Top of INPUT DATA

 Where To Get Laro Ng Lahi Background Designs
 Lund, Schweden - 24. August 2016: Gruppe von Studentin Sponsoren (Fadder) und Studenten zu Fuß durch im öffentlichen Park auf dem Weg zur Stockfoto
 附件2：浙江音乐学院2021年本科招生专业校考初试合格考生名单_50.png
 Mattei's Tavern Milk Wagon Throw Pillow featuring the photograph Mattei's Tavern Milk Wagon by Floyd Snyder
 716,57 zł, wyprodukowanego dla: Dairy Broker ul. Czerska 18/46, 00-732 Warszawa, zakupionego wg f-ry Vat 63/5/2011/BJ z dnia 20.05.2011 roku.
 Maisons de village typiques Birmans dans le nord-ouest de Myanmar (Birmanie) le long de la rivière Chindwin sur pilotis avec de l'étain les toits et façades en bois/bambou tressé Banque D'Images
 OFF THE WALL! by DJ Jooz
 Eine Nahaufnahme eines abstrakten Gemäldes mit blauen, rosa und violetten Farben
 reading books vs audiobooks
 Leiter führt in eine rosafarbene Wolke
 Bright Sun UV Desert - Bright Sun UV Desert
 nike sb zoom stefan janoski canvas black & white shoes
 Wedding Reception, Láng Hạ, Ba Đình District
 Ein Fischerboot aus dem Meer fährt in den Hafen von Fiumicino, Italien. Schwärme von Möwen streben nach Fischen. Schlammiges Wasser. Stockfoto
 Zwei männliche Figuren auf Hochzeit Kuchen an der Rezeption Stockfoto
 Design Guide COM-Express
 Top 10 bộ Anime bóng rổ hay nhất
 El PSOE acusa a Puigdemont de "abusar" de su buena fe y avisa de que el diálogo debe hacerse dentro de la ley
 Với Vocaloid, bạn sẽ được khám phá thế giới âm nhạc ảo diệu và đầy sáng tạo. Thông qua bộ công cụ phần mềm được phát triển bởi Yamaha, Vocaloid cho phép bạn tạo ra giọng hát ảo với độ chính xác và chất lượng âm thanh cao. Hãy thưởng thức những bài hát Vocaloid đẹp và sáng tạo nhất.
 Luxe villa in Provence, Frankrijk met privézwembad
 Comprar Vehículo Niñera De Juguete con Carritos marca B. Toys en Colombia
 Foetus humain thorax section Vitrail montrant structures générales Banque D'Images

Bottom of INPUT DATA

WHAT YOU NEED TO DO: The answer must be exactly the lines from the one containing "Design Guide COM-Express" through the final line of the data, both ends included, and nothing else.

REPLY TO THE EXERCISE:
 Design Guide COM-Express
 Top 10 bộ Anime bóng rổ hay nhất
 El PSOE acusa a Puigdemont de "abusar" de su buena fe y avisa de que el diálogo debe hacerse dentro de la ley
 Với Vocaloid, bạn sẽ được khám phá thế giới âm nhạc ảo diệu và đầy sáng tạo. Thông qua bộ công cụ phần mềm được phát triển bởi Yamaha, Vocaloid cho phép bạn tạo ra giọng hát ảo với độ chính xác và chất lượng âm thanh cao. Hãy thưởng thức những bài hát Vocaloid đẹp và sáng tạo nhất.
 Luxe villa in Provence, Frankrijk met privézwembad
 Comprar Vehículo Niñera De Juguete con Carritos marca B. Toys en Colombia
 Foetus humain thorax section Vitrail montrant structures générales Banque D'Images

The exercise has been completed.